## What you will do
From the line with "Tom Tailor Denim" to the line with "The Clean Getaway", retype every line exactly, including those two, and leave out the rest of the data below.

## Working data
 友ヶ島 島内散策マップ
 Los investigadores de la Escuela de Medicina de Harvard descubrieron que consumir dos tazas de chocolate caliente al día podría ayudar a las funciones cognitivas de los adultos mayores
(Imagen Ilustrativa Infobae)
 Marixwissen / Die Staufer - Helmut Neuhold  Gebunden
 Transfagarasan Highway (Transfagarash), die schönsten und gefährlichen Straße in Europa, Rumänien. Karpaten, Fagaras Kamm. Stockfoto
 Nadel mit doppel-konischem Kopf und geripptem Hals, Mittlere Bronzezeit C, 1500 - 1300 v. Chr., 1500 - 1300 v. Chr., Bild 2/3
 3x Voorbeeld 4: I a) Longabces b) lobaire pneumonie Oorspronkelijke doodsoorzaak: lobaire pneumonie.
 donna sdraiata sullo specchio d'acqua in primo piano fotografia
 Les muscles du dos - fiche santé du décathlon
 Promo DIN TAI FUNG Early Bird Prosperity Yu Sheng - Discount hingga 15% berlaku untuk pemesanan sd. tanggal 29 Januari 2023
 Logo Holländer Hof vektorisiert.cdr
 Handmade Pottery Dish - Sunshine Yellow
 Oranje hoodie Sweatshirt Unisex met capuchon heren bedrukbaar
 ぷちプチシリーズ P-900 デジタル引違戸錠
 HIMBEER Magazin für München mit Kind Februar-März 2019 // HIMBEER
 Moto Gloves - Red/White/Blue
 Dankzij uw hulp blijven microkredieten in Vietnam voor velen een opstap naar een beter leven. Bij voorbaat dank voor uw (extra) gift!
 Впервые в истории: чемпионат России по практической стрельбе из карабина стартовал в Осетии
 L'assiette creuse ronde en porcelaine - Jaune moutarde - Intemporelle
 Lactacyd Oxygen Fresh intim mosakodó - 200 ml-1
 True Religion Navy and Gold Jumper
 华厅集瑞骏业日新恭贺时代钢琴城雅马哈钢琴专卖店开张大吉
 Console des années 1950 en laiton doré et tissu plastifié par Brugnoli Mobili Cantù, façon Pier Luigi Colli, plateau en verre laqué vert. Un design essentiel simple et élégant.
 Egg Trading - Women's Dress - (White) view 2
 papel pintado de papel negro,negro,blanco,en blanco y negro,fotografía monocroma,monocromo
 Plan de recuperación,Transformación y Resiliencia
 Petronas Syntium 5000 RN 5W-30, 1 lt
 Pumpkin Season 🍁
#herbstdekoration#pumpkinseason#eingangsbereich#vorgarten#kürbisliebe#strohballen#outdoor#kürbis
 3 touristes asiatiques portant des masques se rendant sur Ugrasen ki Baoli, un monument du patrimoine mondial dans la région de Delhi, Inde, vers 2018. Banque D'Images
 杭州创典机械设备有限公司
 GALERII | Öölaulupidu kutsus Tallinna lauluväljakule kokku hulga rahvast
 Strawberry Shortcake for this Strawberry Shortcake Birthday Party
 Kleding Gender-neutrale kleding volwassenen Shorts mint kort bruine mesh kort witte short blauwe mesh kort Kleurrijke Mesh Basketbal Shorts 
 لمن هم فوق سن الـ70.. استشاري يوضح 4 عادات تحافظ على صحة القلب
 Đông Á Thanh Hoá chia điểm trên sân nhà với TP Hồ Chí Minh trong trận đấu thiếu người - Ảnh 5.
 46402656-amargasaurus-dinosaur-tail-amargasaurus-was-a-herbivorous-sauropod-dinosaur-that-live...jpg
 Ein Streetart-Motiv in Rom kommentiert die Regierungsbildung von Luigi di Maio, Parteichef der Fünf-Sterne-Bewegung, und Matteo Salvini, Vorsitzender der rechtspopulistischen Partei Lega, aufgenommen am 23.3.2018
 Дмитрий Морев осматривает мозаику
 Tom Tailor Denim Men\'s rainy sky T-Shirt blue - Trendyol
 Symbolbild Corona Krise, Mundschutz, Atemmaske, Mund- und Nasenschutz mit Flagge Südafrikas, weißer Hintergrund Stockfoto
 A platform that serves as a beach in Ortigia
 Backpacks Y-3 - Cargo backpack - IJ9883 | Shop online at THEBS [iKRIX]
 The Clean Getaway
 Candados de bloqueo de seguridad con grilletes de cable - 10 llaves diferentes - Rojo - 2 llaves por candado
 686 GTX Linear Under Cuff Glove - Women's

## Your response
 Tom Tailor Denim Men\'s rainy sky T-Shirt blue - Trendyol
 Symbolbild Corona Krise, Mundschutz, Atemmaske, Mund- und Nasenschutz mit Flagge Südafrikas, weißer Hintergrund Stockfoto
 A platform that serves as a beach in Ortigia
 Backpacks Y-3 - Cargo backpack - IJ9883 | Shop online at THEBS [iKRIX]
 The Clean Getaway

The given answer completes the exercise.